Nossa pesquisa explora a base estrutural das funções cerebrais, incluindo as dos humanos. Usando o sagui comum como modelo, pretendemos entender melhor o cérebro dos primatas, identificando conexões neurais que são compartilhadas entre as espécies e aquelas que estão exclusivamente fora do gênero dos primatas. Realizamos um mapeamento abrangente das projeções pré-frontais do cérebro do sagui.

Usando a técnica de tomografia serial de dois fótons, conseguimos uma reconstrução 3D altamente precisa de todo o cérebro, que revelou projeções colunares robustas entre as áreas de associação. A tomografia serial de dois fótons fornece um conjunto de dados para entender a conectividade neural em toda a escala do cérebro. Nosso protocolo não apenas ajuda a melhorar o processamento de cérebros de saguis, mas também oferece informações sobre o manuseio de outras amostras.

Para começar, pegue o cérebro isolado e fixo do sagui e incuba-o com colagenase a 37 graus Celsius por uma hora. Usando um cotonete, esfregue cuidadosamente a superfície do cérebro para retirar a pia-máter e outras meninges. Use uma pinça fina para remover quaisquer meninges destacadas restantes.

Para preparar o tampão de borohidreto de sódio, dissolva 0,2 gramas de borohidreto de sódio em 100 mililitros de tampão borato de 50 milimoles, pré-aquecido a 40 graus Celsius. Prepare a agarose oxidada mexendo 2,25 gramas de agarose e 0,21 gramas de periodato de sódio em 100 mililitros de tampão fosfato por duas a três horas. Filtrar a solução por sucção a vácuo e lavá-la com três trocas de tampão fosfato.

Em seguida, ressuspenda a agarose em 50 mililitros de tampão fosfato. Em seguida, derreta completamente a agarose em um forno de micro-ondas e deixe esfriar de 60 a 65 graus Celsius. Coloque o cérebro em uma câmara feita sob medida e incorpore o cérebro em agarose, garantindo que a agarose preencha a cavidade abaixo do corpo caloso.

Após a solidificação do gel de agarose, desmontar a câmara e mergulhar o bloco de agarose no tampão borohidreto de sódio durante a noite a quatro graus Celsius. Agora, usando uma mistura instantânea de epóxi, construa um palco de vidro deslizante anexando quatro ímãs de neodímio. Monte o bloco de agarose no palco usando um adesivo forte.

Opere todo o sistema de imagem de tecido seguindo as instruções do fabricante. Processe todo o cérebro do sagui coronalmente das extremidades anterior para posterior.
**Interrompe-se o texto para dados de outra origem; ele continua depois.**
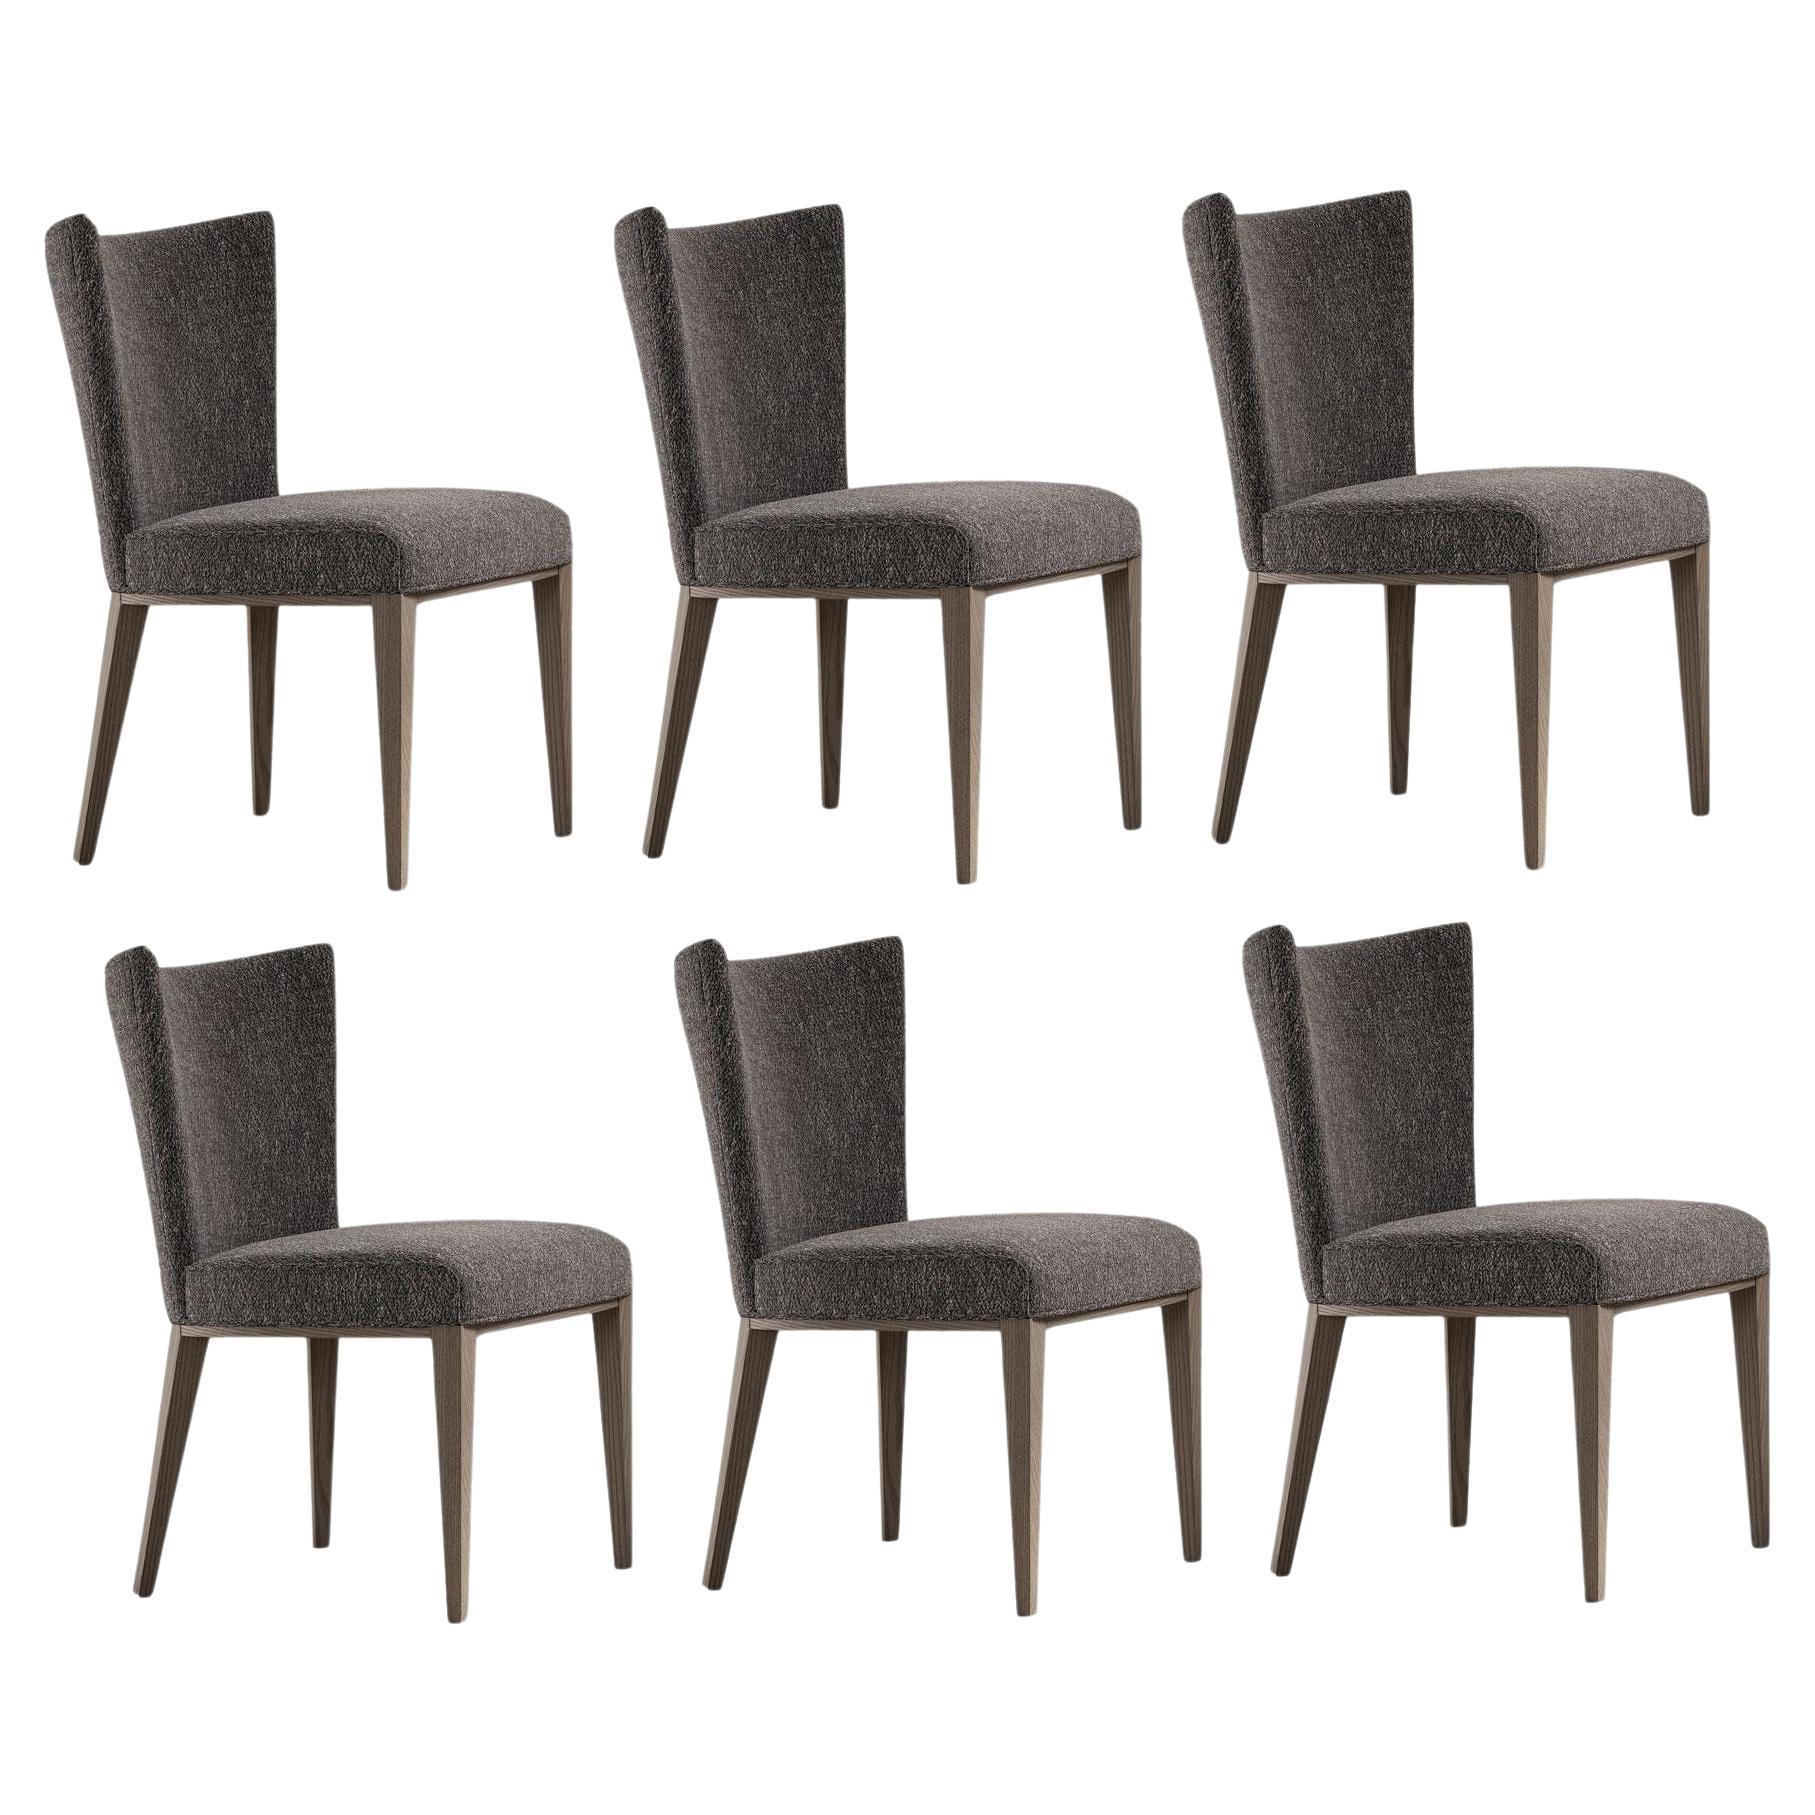 Set of 6 Contemporary Dining Chairs Upholstered in Sophisticated Melange Fabric

Em seguida, ajuste os ângulos da lâmina para garantir que as profundidades da superfície em ambas as extremidades estejam dentro de 10 micrômetros.
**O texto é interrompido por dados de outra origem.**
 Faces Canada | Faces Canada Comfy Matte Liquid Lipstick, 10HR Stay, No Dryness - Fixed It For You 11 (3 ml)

Para fazer isso, procure a superfície superior alterando a posição da objetiva, usando o controlador piezoelétrico. Defina o plano de imagem para aproximadamente 25 a 35 micrômetros da superfície para compensar a mielinização densa e garantir a penetração uniforme do laser. Usando uma lâmina de cerâmica, corte todo o cérebro em intervalos de 50 micrômetros, resultando em aproximadamente 650 fatias.